Vertebrates have three types of specialized contractile cells—smooth muscle, skeletal muscle, and cardiac muscle—that use actin and myosin to generate powerful, unidirectional movements (Fig. 39-1). These muscles have much in common but differ in their activation mechanisms, arrangement of contractile filaments, and energy supplies. This provides three options for physiological responses. The nervous system controls the timing, force, and speed of skeletal muscle contraction over a wide range. Cardiac muscle generates its own rhythmic, fatigue-free contractions that spread through the heart in a highly reproducible fashion. Neurotransmitters, acting like hormones, regulate the force and frequency of heartbeats over a narrow range. Nerves, hormones, and intrinsic signals control the activity of smooth muscles, which contract slowly but maintain tension very efficiently.

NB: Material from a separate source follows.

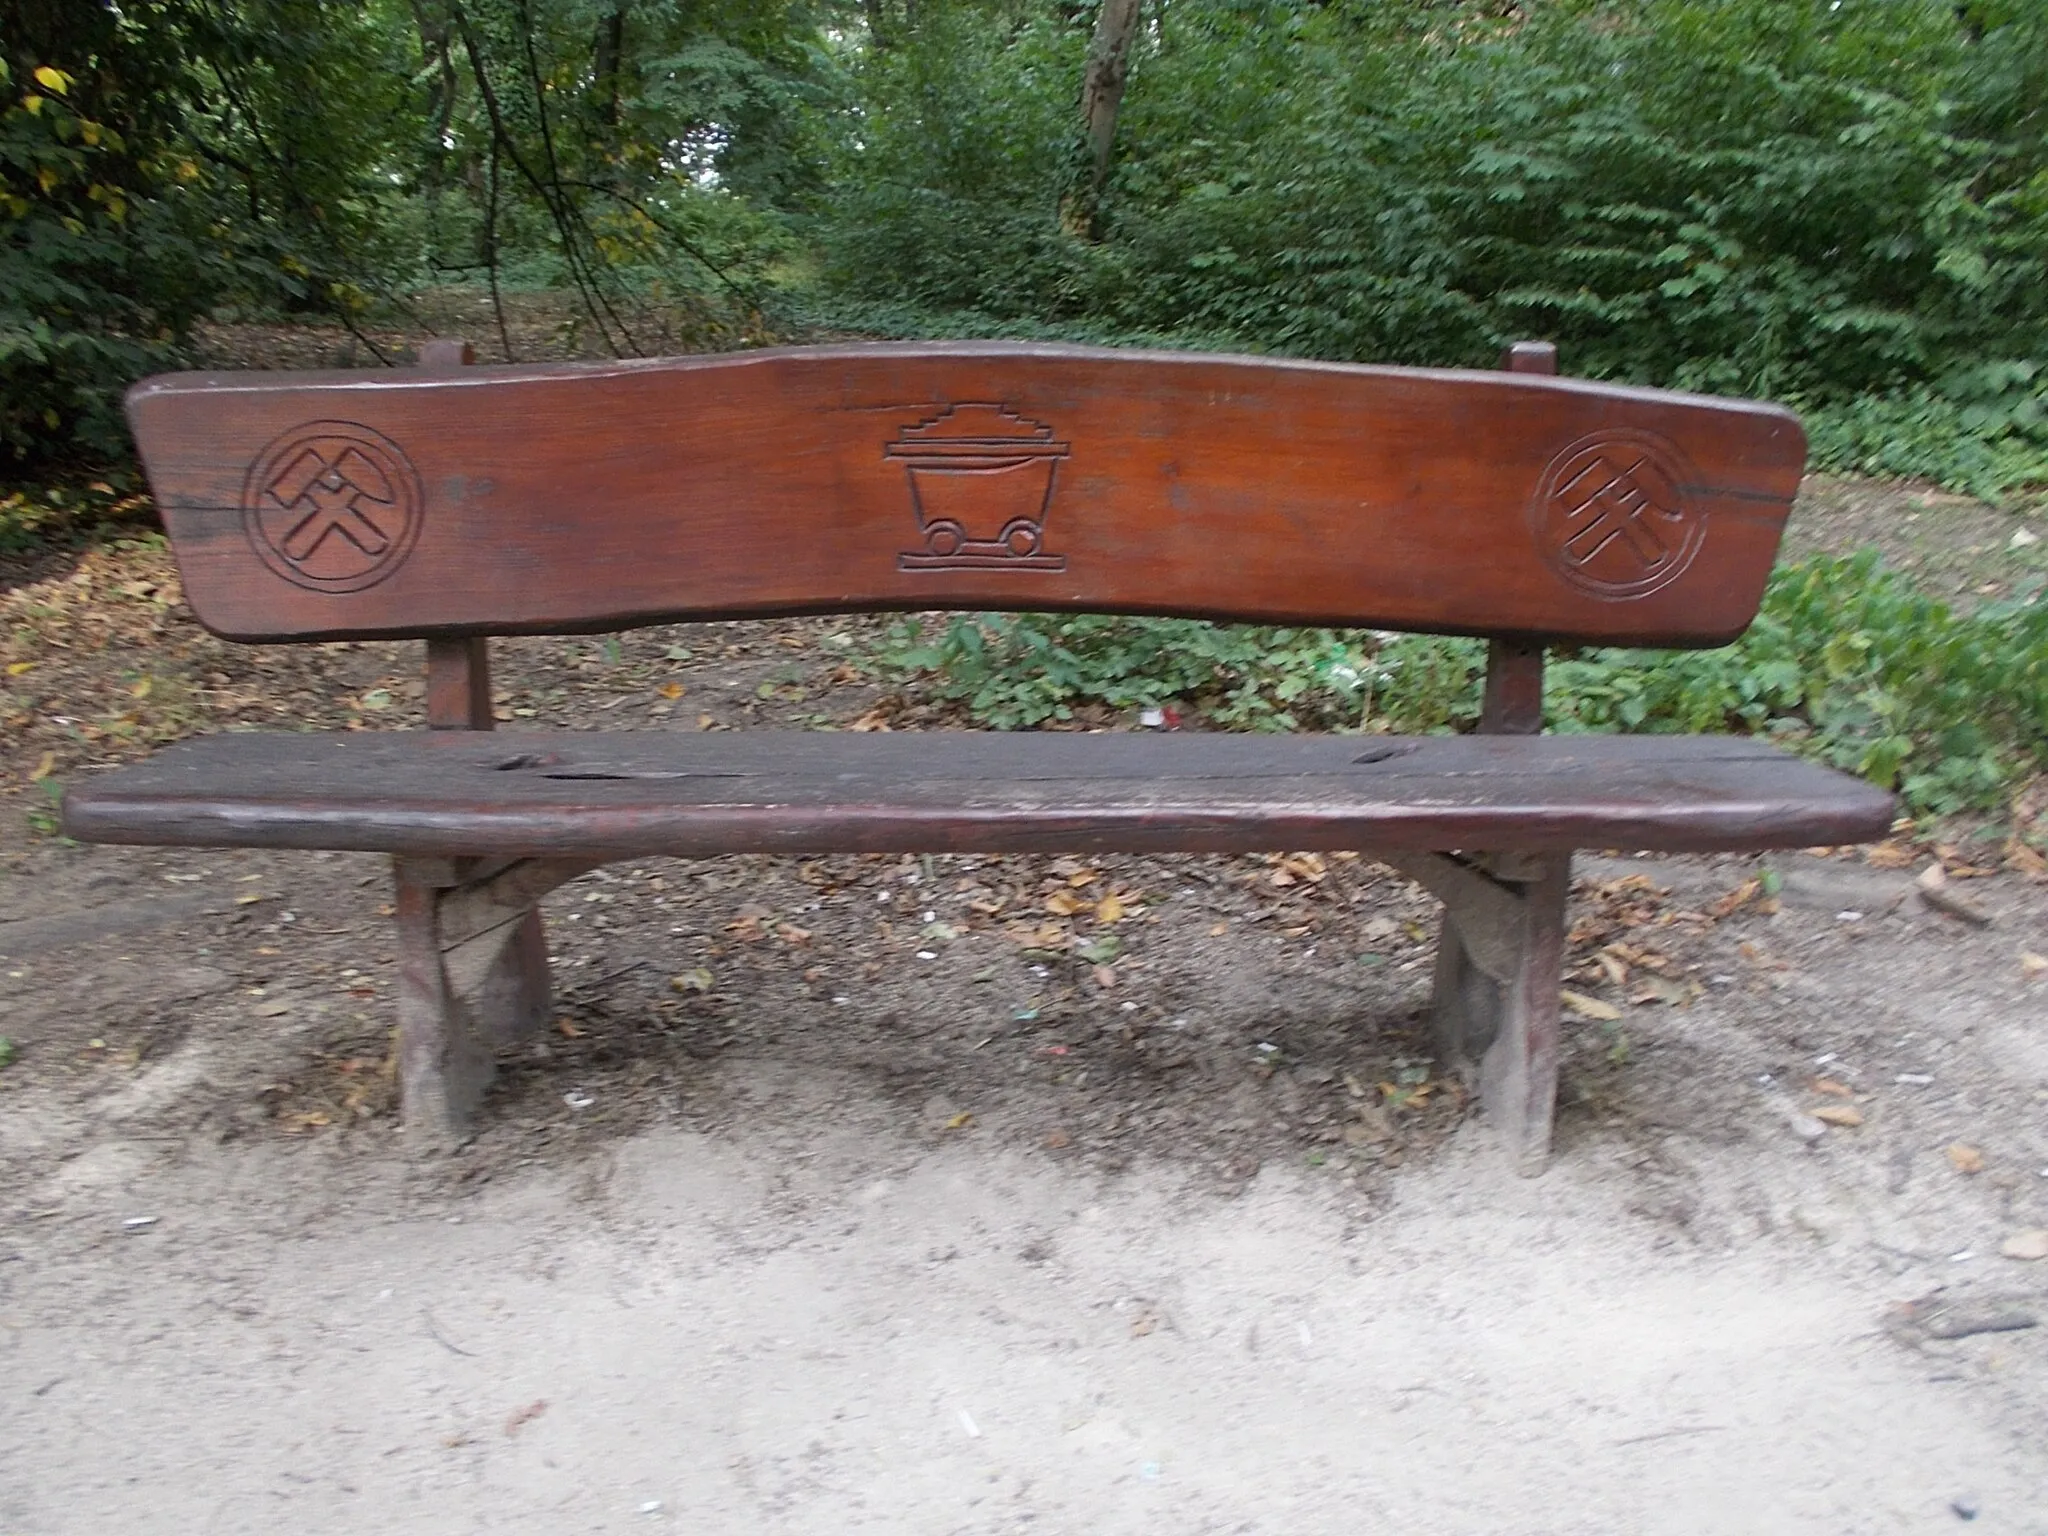 Photo showing: 'Mining cart' wooden bench /made in the local wood carving camp, c.2014-2015/. Next to its an information board about  "History of the Mining of Tatabánya  II 1901-1918" By about 1901, at the time of the construction of the railway station, the vertical transporters were already in operation, post office, telegraph, registry office comleted. By 1910 the eighth mine plant was completed, the steam-powered brick factory, and a briquette factory too. The Tatabánya  Sport Club, the mine rescue station was established. In 1912 a cement factory started to operate, the hospital was built, the old town church was built. In 1912 the MÁK Mining Co. was among the 50 largest companies in Europe partly due to the production of the Tata/Tatabánya coal basin. In 1914, the so-called railway coal pillar mining was started.  1915, due to the flood of the Galla-patk, the production of the Mine of Géza Teleki, No. 3, was stopped. 1917-1918 was a time of strikes. - About 'Mining cart' memorial bench information board: this is a four-wheeled small railway carriage in which the material produced in the mine is brought to the open air on narrow-track railways Towed by hand, with the help of a horse, with an infinity rope or locomotive. Cargo weight: 500-1400kg - Május 1. park, Óváros neighborhood, Tatabánya, Komárom-Esztergom County, Hungary.

This chapter explains the molecular and cellular basis for the distinctive physiological properties of the three types of muscle. These specialized muscle cells adapt and exaggerate the same molecular strategies that other cells use to produce contractions, to adhere to each other and the extracellular matrix, and to control their activity.

Skeletal Muscle

Skeletal muscle cells are optimized for rapid, forceful contractions. Accordingly, they have a massive concentration of highly ordered contractile units composed of actin, myosin, and associated proteins (Fig. 39-2). Actin and myosin filaments are organized into sarcomeres, aligned contractile units that give the cells a striped appearance in the microscope. For this reason, they are called striated muscles. Myosin uses ATP hydrolysis to power contraction, which results from myosin-powered sliding of actin-based thin filaments past myosin-containing thick filaments. Speed is achieved by linking many sarcomeres in series. Force is determined by the number of sarcomeres contracting in parallel.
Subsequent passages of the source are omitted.